Effects of testosterone replacement on HDL subfractions and apolipoprotein A-I containing lipoproteins

Abstract

OBJECTIVES: Gonadal steroids are important regulators of lipoprotein metabolism. The aims of this study were to determine the effects of a minimum effective dose of testosterone replacement on high density lipoprotein (HDL) subfractions and apolipoprotein (apo) A-I containing particles (lipoprotein (Lp)A-I) and LpA-I:A-II) in hypogonadal men with primary testicular failure and to investigate the underlying mechanisms of these changes. MEASUREMENTS: Eleven Chinese hypogonadal men were started on testosterone enanthate 250 mg intramuscularly at 4-weekly intervals. HDL was subfractionated by density gradient ultracentrifugation and LpA-I was analysed by electro- immunodiffusion after 3, 6 and 12 weeks of treatment. Plasma cholesteryl ester transfer protein (CETP) activity and lipolytic enzymes activities in post-heparin plasma were measured to determine the mechanisms underlying testosterone-induced changes in HDL. RESULTS: The dosage of testosterone enanthate used in the present study resulted in suboptimal trough testosterone levels. No changes were seen in plasma total cholesterol, triglyceride, low density lipoprotein cholesterol (LDL-C,) apo B and apo(a) after 12 weeks. There was a drop in HDL3-C compared to baseline (0.82 ± 0.17 mmol/1 vs. 0.93 ± 0.13, P< 0.01) whereas a small but significant increase was seen in HDL2-C (0.21 ± 0.13 mmol/vs. 0.11 ± 0.09, P<0.05). Plasma apo A-I decreased after treatment (1.34 ± 0.25 g/l vs. 1.50 ± 0.29, P<0.01), due to a reduction in LpA-I:A-II particles (0.86 ± 0.18 g/l vs. 0.99 ± 0.24, P<0.01). No changes were observed in the levels of LpA-I particles.
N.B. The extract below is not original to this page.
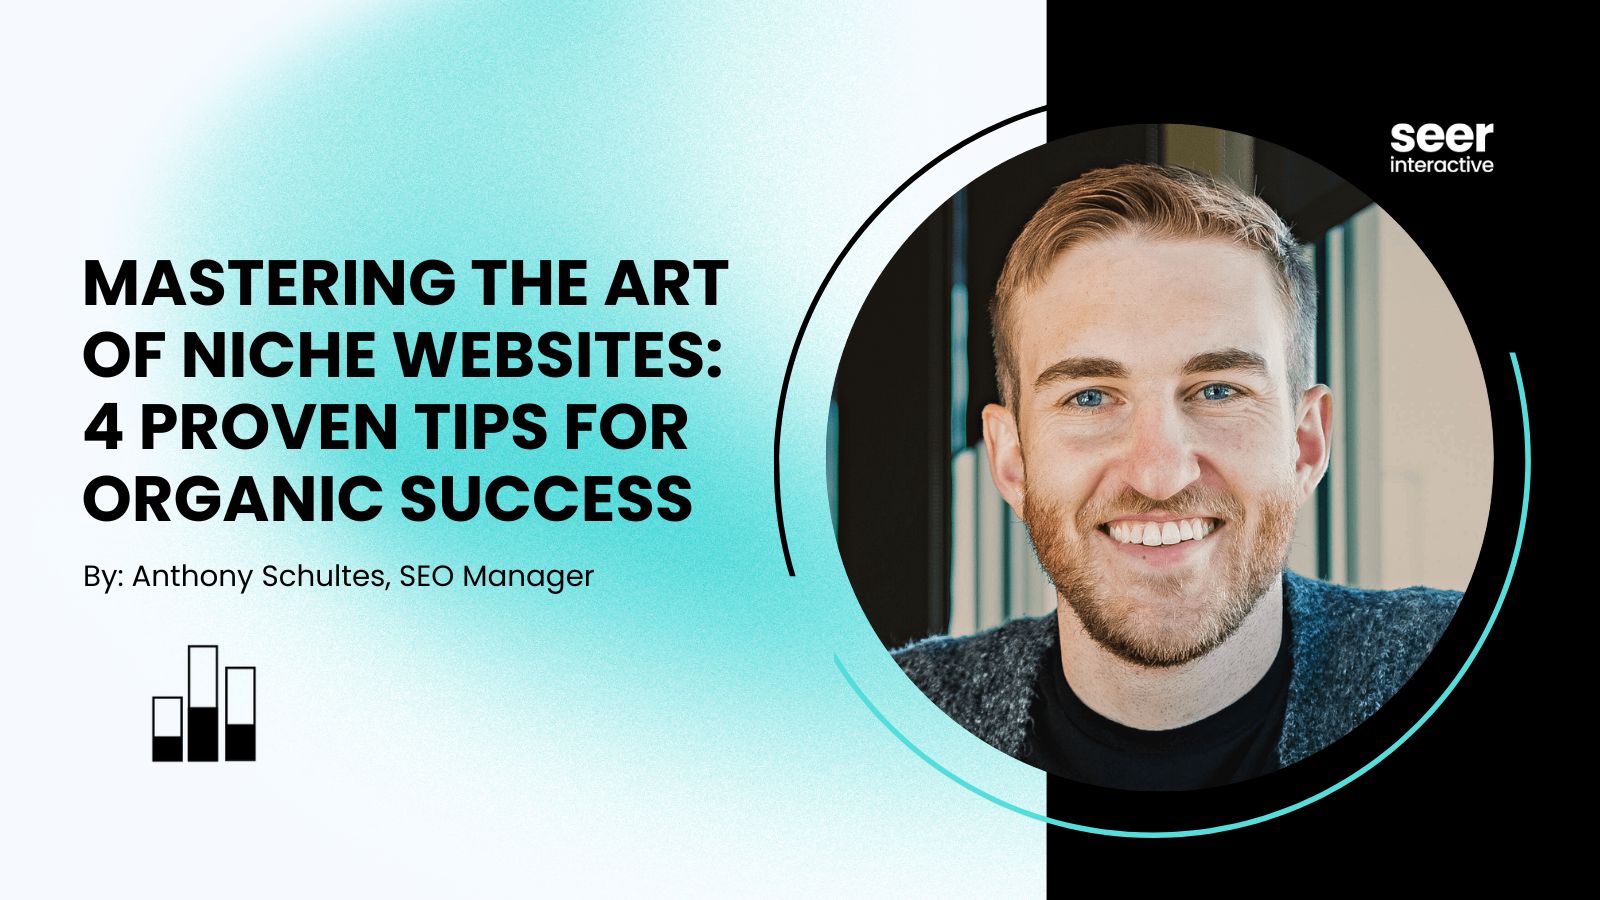 Mastering the Art of Niche Websites: 4 Proven Tips for Organic Success
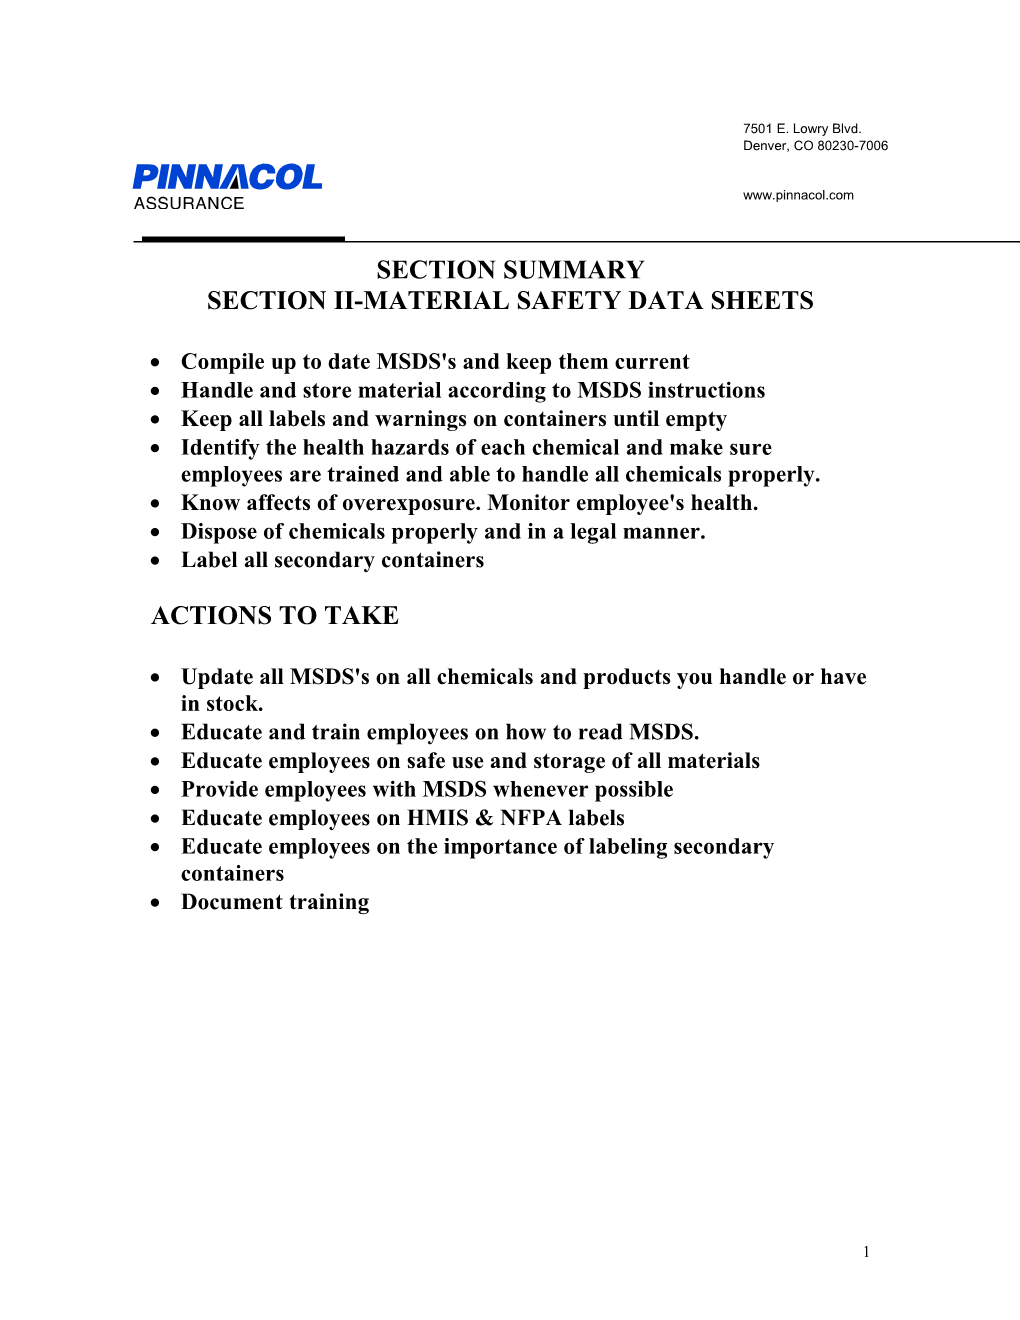 Section Ii-Material Safety Data Sheets

No significant changes were seen in plasma CETP and lipoprotein lipase activities after testosterone replacement but there was a transient increase in hepatic lipase (HL) activity at weeks 3 and 6. The decrease in HDL correlated with the increase in HL activity (r= 0.62, P< 0.05). CONCLUSIONS: Testosterone replacement in the form of parenteral testosterone ester given 4-weekly, although unphysiological, was not associated with unfavourable changes in lipid profiles. The reduction in HDL was mainly in HDL3-C and in LpA-I:A-II particles and not in the more anti-atherogenic HDL2 and LpA-I particles. The changes in HDL subclasses were mainly mediated through the effect of testosterone on hepatic lipase activity.